Sunday, January 20, 2013

We Offer a Spiritual Oasis

"We Offer a Spiritual Oasis" Sermon
January 20, 2013

We have a new mission/vision statement for our church, adopted this past Fall...  So we're spending some time getting to know it...  An important part of sharing the mission and vision is all of us understanding it, being able to say it, and deciding to live our ministry and faith lives according to it.  Because if we can't do that...  Than what's the point of having the statement?

So, our new Mission statement is on the front of your bulletin:  "The Vision of the people of St. Paul's United Methodist Church is to be a spiritual oasis.  Inspired by God's love, we: offer a spiritual oasis, teach one another to serve, and reach out to encourage others to know Christ."

Here's how I am working to memorize it:  The vision is to be a spiritual oasis.  We do this by Offering.  Teaching.  Serving.  Reaching.  (I'm horrible at memorizing, so breaking it down helps me...)

Today, I get the pleasure of unpacking "oasis" a bit more...  And looking at what it means to offer our oasis to others.  "Inspired by God's love, we offer a spiritual oasis..."

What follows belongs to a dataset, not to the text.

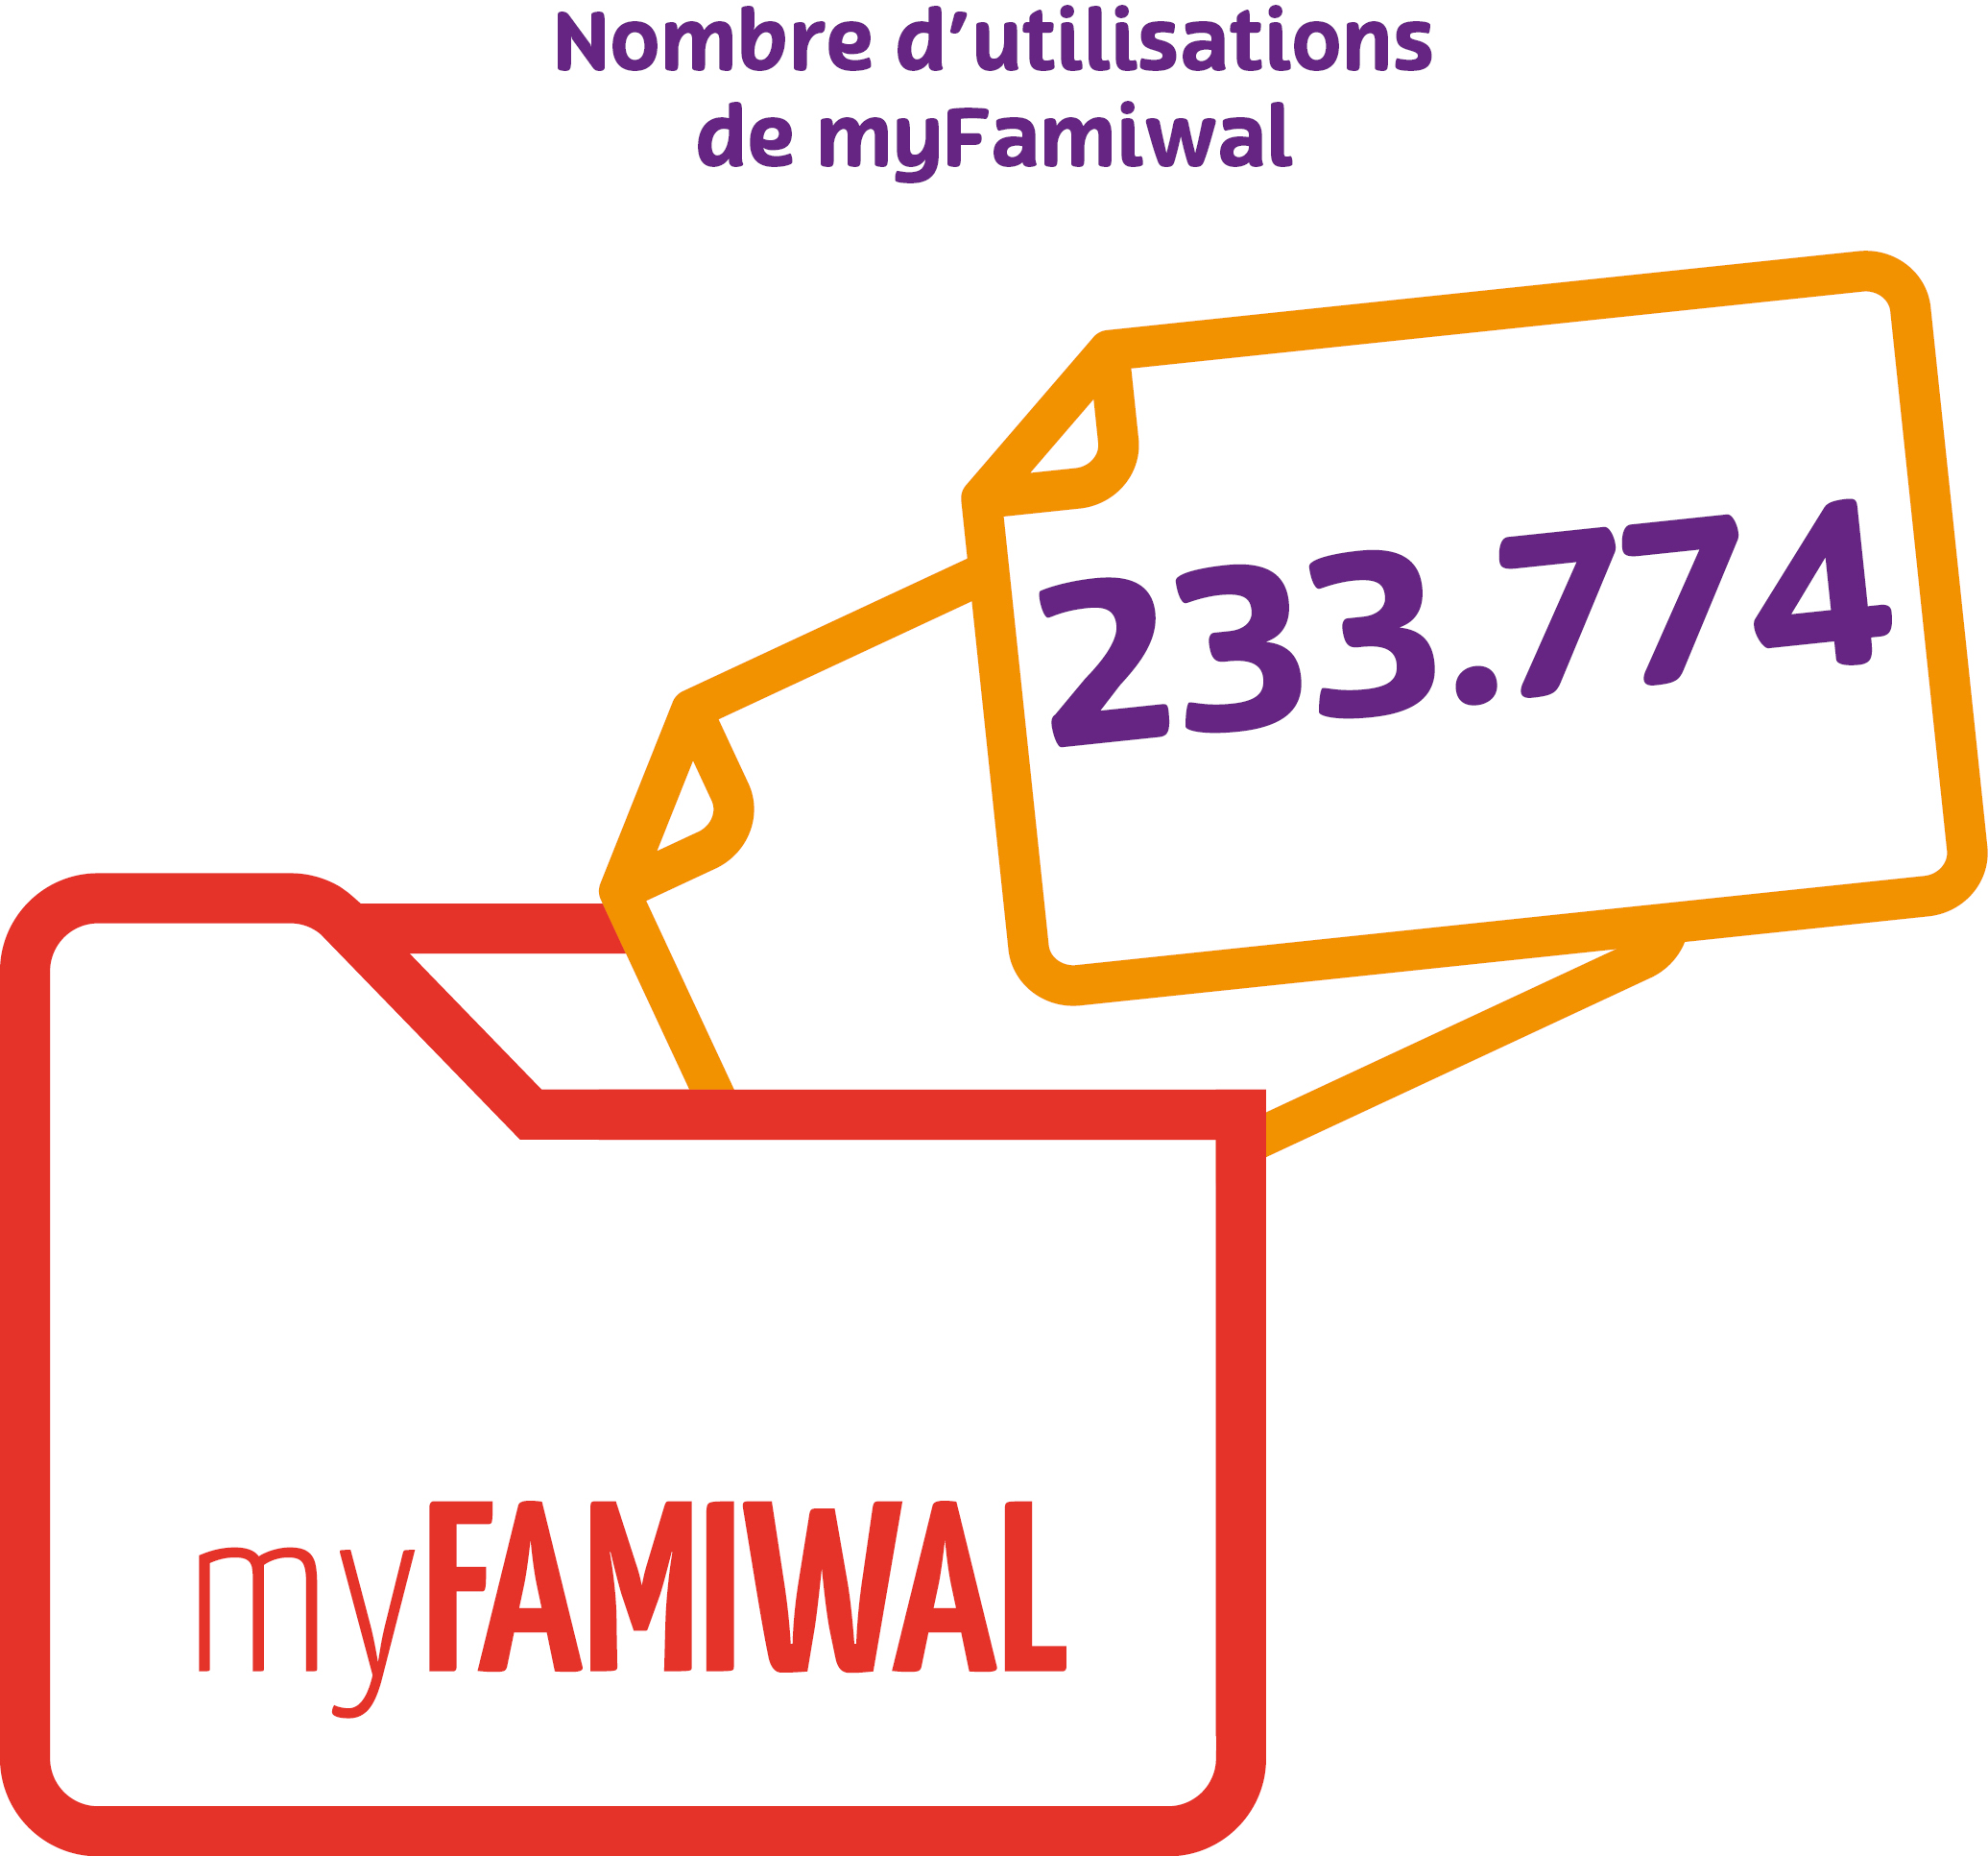 Nombre d'utilisations de myfamiwal

So, what's an oasis?  According to some online dictionaries, here are a few snippets of definitions:  "a pleasant or peaceful area in the midst of a difficult, troubled, or hectic place or situation;" "something that provides refuge, relief, or a pleasant contrast;" "a situation or place preserved from surrounding unpleasantness: a refuge;" "a fertile or green spot in the desert or wasteland, made so by the presence of water;" "a place of shelter or sanctuary." 

So there's a start, and we had some very nice volunteers offer to decorate the altar this week - helping us visualize one way of looking at oasis...  We've got the green lush plants, the blue of water, sea shells and flowers - all images of life and refreshment, especially from a desert perspective!  But I'm curious...  When you think of oasis, what do you think of?  I'm guessing we have a lot of different ideas...  So, let's yell some out...  What comes to mind when you think of oasis?

For me...  It's a peaceful sanctuary.  Candlelight.  A place where I can be myself.  A place where I can let down my defenses and cry out, seek support, or simply be me, with no fear of rejection or judgment...  A place of refreshment, being given what I need, cared for...  This can be found on vacation - in the Redwood Forest, in a rainforest fog, on the ocean at sunset; or in my living room, in a small group with trusted friends, at the dinner table with old friends...  Here in this church.... 

Oasis, in many ways, is a state of mind in our busy world...  It's a way of connecting to and relying on our faith - in the midst of unpleasantness.  It's trusting in God for the refreshment of forgiveness and grace when things aren't going so well.    A place in our heart - sacred, secluded, and safe from all of life's turbulence. 

David spoke in the Psalms about seeking a refreshing relationship with God - finding that safe place of renewal within God's hands, liking it to the protection of a mama bird's wings hovering over her young...  Representing warmth, refuge - a safe place of trust and protection.  A place secure enough to let God in...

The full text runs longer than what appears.